Identify all lines of the data containing the string "Wandspiegel" and copy them.
RECORDS FOR THE TASK START
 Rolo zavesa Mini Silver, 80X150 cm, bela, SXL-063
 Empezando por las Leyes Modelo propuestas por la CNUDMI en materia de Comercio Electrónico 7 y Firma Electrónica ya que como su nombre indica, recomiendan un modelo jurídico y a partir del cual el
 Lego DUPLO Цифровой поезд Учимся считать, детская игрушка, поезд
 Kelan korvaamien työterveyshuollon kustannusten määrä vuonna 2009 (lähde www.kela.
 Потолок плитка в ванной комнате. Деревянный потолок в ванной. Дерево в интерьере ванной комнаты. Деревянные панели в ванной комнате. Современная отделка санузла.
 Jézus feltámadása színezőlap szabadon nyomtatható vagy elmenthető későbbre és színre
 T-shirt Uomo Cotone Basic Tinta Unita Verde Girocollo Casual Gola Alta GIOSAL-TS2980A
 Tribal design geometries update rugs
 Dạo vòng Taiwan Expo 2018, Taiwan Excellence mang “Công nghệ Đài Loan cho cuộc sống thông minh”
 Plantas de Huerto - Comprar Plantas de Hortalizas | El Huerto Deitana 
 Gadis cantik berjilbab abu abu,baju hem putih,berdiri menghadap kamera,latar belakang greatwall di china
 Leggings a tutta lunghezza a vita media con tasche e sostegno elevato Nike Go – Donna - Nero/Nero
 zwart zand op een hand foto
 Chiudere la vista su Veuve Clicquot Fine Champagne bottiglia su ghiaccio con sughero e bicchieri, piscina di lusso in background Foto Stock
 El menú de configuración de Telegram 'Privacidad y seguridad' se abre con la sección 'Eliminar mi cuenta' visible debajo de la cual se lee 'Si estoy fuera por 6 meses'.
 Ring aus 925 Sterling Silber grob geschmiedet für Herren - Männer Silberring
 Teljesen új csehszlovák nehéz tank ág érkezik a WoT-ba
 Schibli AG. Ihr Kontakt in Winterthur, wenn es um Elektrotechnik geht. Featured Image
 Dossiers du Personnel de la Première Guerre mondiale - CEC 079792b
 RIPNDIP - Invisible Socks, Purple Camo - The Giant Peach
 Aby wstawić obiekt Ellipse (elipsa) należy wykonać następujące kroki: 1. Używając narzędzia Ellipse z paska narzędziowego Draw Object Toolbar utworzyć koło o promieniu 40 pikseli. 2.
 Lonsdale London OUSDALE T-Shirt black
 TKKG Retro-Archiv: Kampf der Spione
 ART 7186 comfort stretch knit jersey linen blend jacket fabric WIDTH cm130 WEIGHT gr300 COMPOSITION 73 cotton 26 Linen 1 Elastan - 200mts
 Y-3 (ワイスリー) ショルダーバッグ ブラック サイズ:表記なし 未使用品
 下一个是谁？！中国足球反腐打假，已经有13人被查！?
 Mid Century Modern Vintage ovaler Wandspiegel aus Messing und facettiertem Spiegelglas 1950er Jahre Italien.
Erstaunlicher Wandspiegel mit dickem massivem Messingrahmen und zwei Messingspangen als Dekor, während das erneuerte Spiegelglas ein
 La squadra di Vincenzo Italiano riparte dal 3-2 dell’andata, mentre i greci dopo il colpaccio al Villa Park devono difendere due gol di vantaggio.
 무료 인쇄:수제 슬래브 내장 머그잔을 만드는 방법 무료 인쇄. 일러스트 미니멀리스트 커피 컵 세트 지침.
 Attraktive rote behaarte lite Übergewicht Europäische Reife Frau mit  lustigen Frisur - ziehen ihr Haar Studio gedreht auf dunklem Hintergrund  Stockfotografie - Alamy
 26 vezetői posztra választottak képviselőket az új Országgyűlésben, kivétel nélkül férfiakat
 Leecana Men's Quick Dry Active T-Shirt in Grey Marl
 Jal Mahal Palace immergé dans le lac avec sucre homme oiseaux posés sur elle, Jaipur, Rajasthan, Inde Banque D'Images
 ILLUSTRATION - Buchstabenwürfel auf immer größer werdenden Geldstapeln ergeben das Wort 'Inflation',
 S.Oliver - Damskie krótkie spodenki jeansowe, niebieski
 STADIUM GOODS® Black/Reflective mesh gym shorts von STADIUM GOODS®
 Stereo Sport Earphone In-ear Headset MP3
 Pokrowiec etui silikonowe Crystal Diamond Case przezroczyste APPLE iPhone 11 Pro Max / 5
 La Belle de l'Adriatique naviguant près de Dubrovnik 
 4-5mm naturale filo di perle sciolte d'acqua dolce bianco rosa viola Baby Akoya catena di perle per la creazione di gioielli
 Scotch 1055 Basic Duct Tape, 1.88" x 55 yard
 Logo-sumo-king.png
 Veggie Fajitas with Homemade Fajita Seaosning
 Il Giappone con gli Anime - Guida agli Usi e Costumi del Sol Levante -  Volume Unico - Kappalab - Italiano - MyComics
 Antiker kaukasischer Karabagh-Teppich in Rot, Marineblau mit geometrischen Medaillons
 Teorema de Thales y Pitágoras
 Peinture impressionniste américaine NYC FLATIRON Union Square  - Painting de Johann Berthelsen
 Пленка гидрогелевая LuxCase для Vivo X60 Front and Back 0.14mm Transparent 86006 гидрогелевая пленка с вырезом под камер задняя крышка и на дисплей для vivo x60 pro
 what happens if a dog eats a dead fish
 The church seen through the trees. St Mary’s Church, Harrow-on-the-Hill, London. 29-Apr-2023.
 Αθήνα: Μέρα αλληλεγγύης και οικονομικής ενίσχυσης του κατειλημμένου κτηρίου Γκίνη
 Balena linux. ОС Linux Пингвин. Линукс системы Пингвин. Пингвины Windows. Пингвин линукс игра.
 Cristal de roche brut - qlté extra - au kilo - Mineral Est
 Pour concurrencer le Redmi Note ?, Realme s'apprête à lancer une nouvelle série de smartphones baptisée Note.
RECORDS FOR THE TASK END
## THE ANSWER
 Mid Century Modern Vintage ovaler Wandspiegel aus Messing und facettiertem Spiegelglas 1950er Jahre Italien.
Erstaunlicher Wandspiegel mit dickem massivem Messingrahmen und zwei Messingspangen als Dekor, während das erneuerte Spiegelglas ein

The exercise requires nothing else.